Dataset excerpt Start Marker

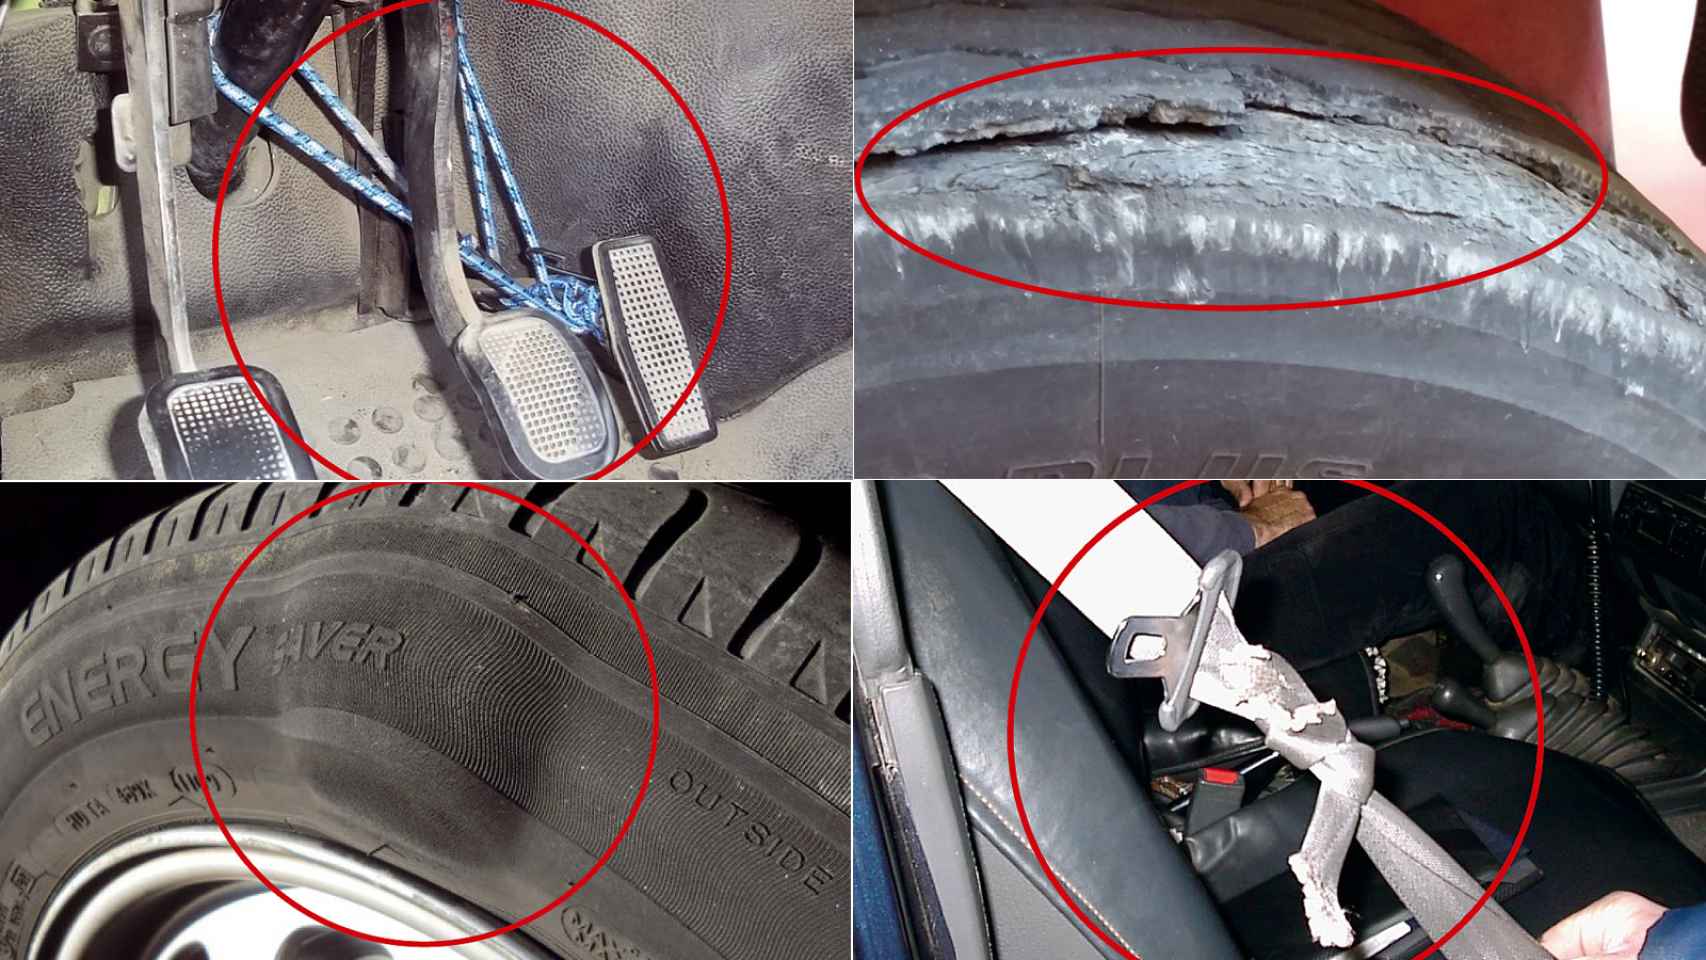 Frenos partidos, airbags quitados: las ‘brutalidades’ encontradas por los inspectores de ITV
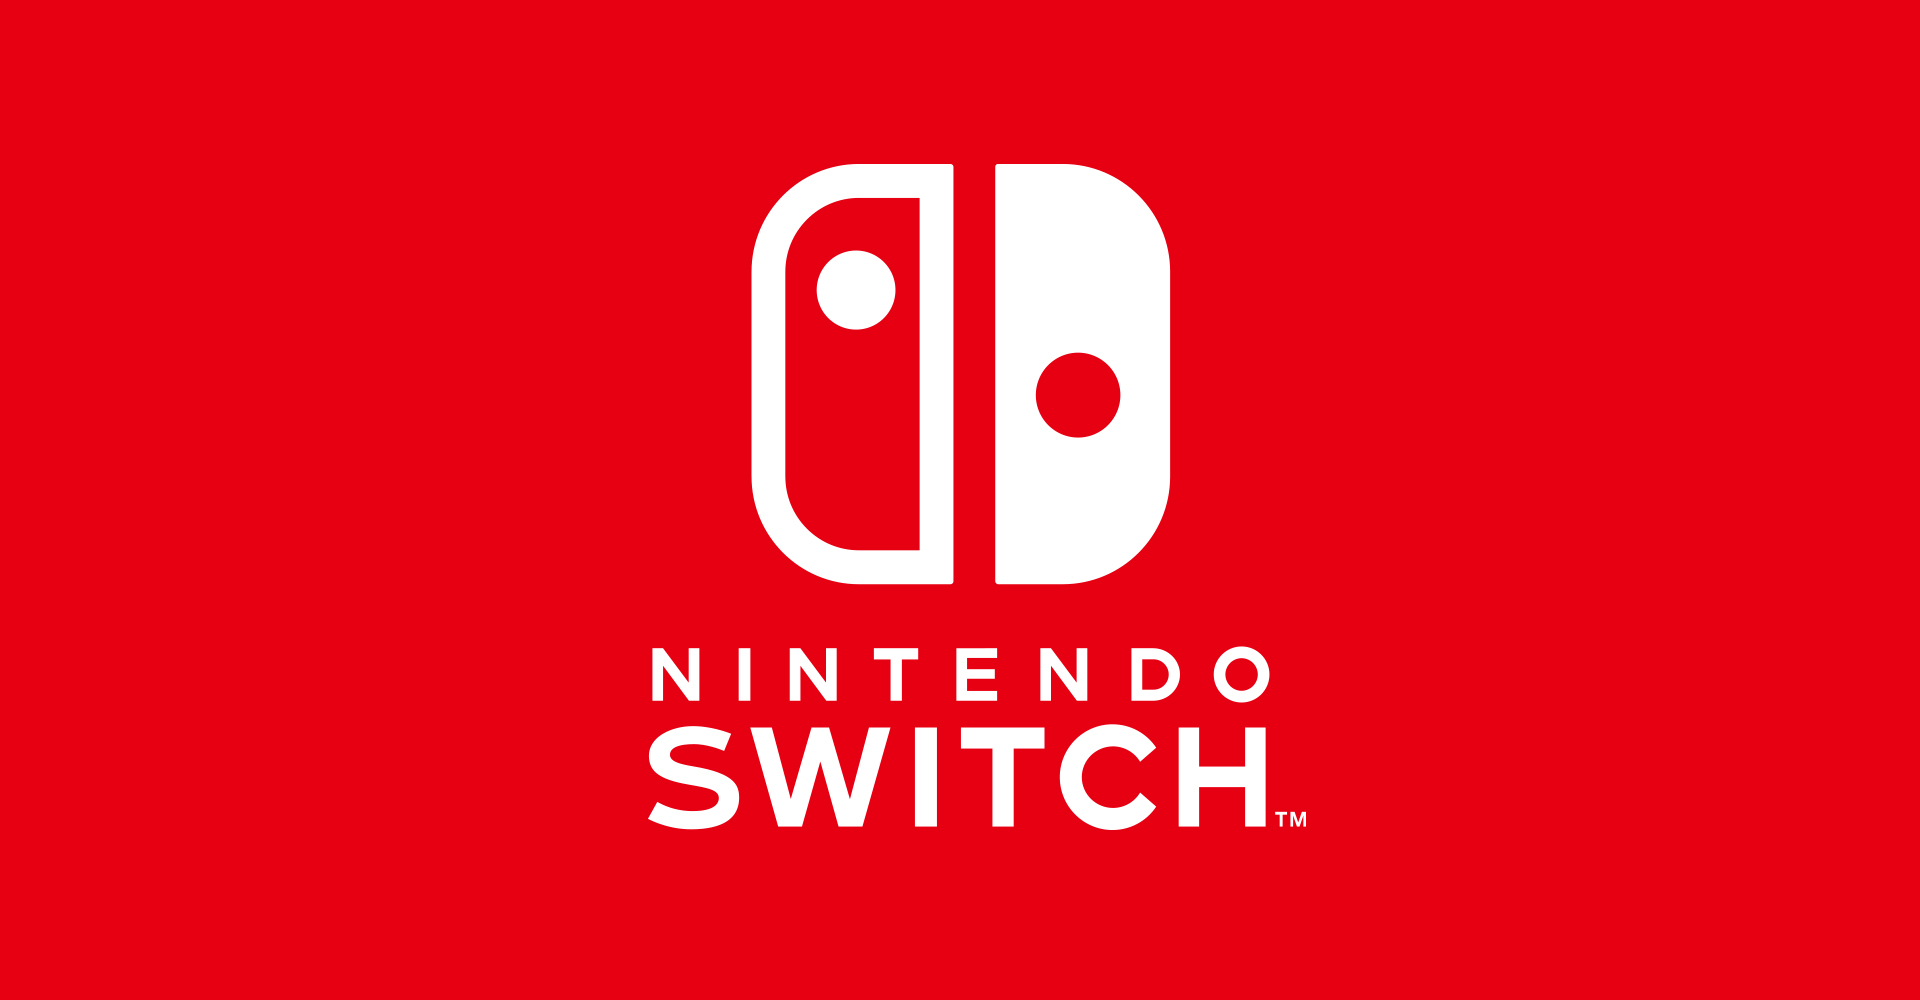 Nintendo планирует уменьшить коробку Switch для увеличения поставок
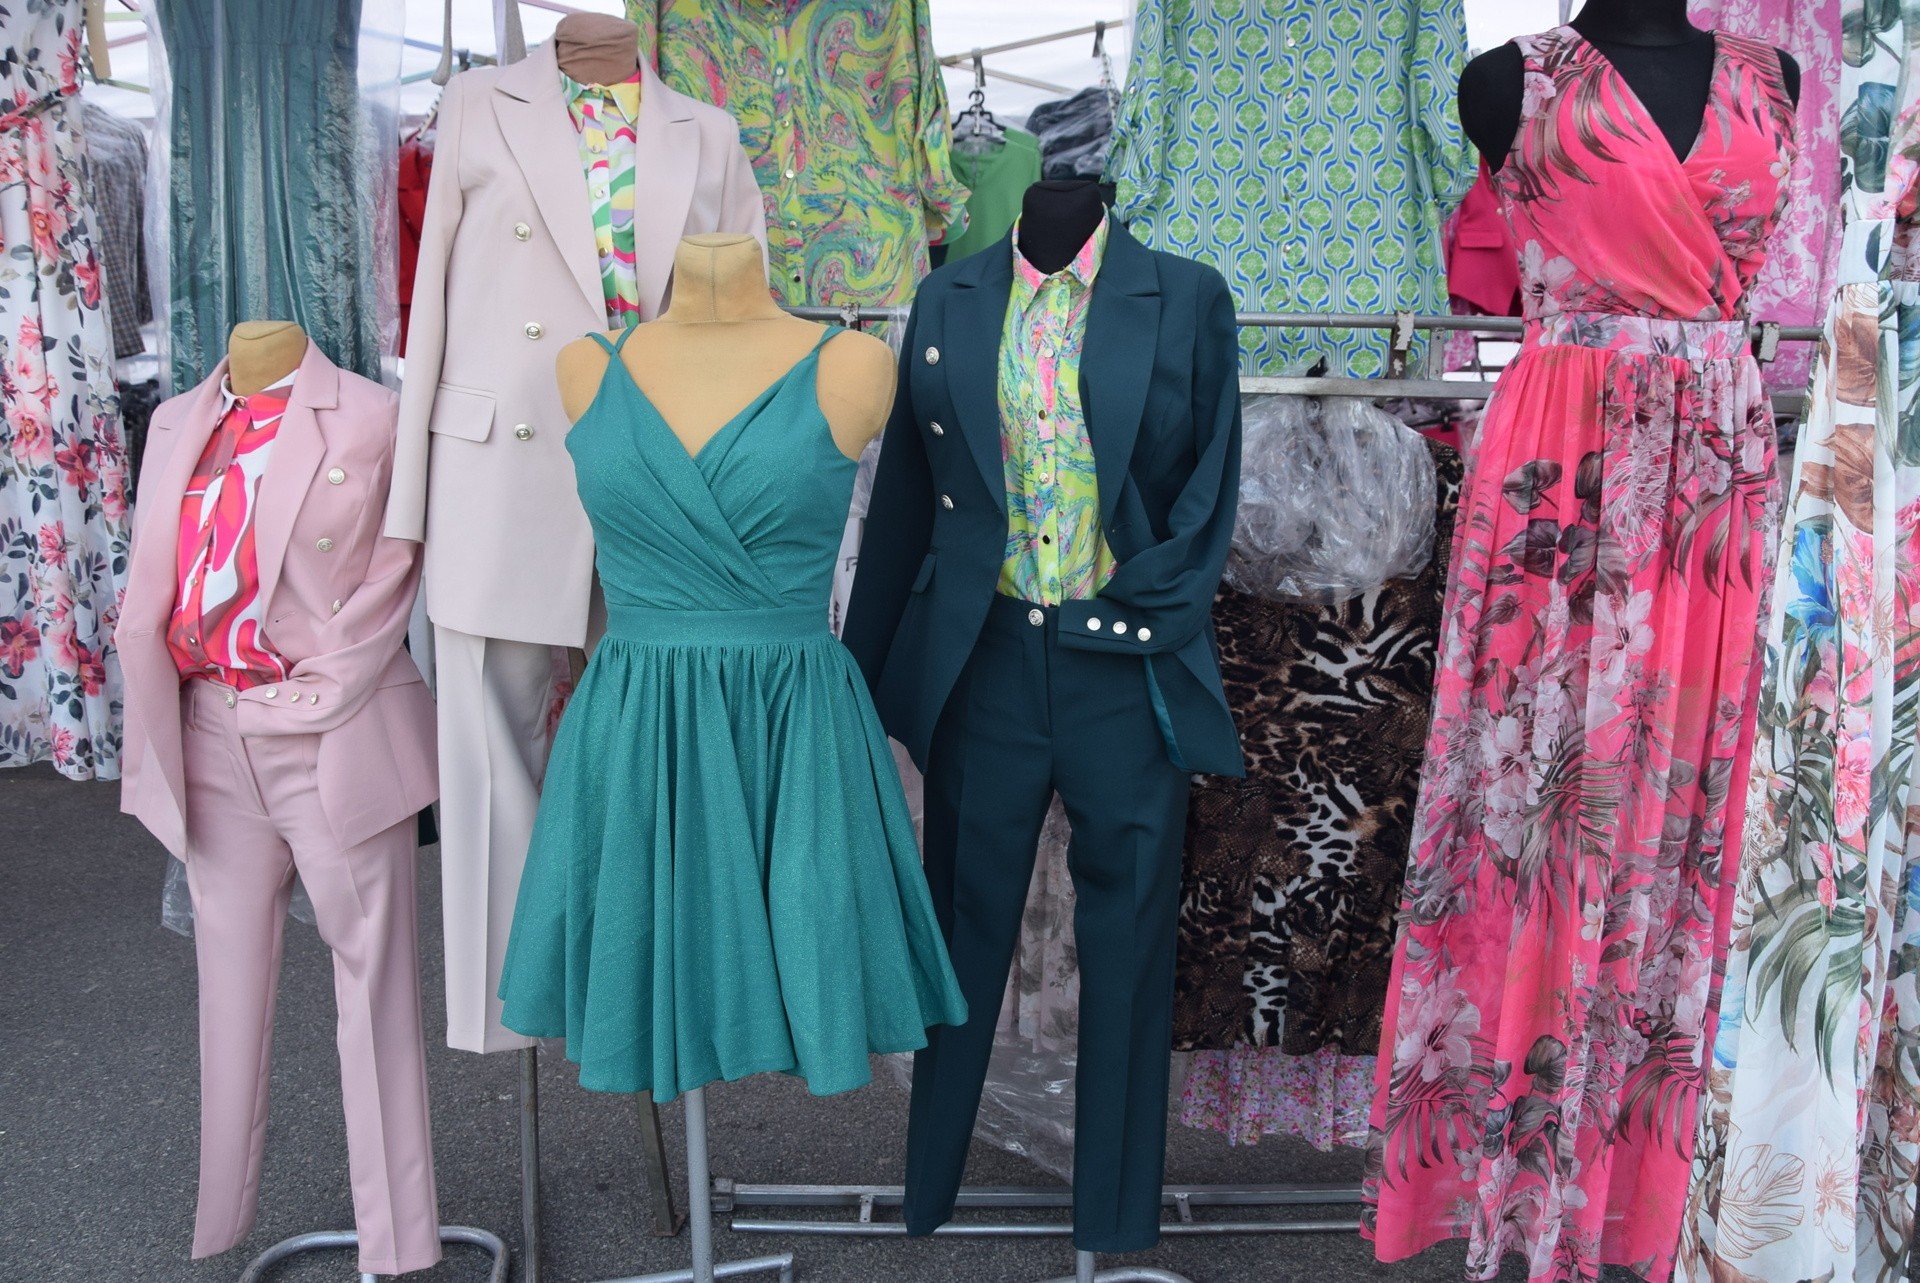 Kolorowe sukienki, modne żakiety. Tanie letnie ubrania na targowisku przy  Dworaka w Rzeszowie. Ceny zaczynają się od kilku złotych [ZDJĘCIA] | Nowiny
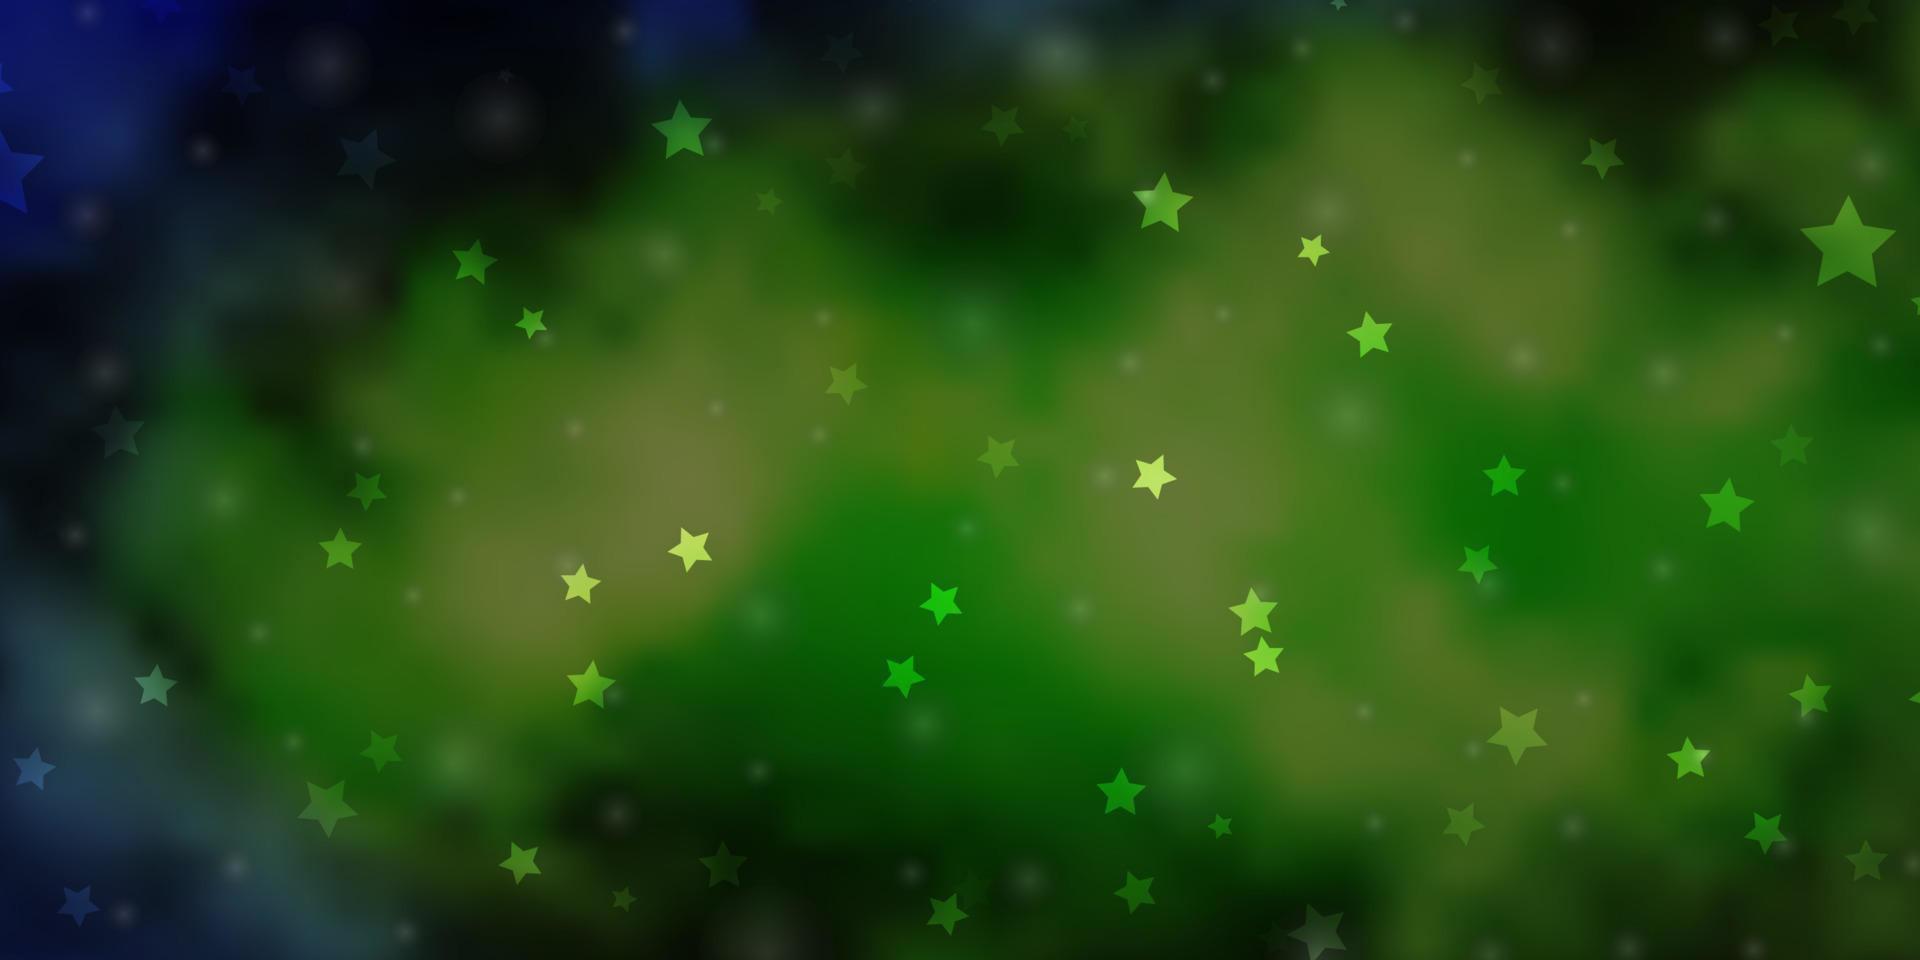 modèle vectoriel bleu clair et vert avec des étoiles au néon.

Dataset excerpt End Marker

## Problem details
Without the pictures, repeat every line of the material above exactly.

## Written answer
 Frenos partidos, airbags quitados: las ‘brutalidades’ encontradas por los inspectores de ITV
 Nintendo планирует уменьшить коробку Switch для увеличения поставок
 Kolorowe sukienki, modne żakiety. Tanie letnie ubrania na targowisku przy  Dworaka w Rzeszowie. Ceny zaczynają się od kilku złotych [ZDJĘCIA] | Nowiny
 modèle vectoriel bleu clair et vert avec des étoiles au néon.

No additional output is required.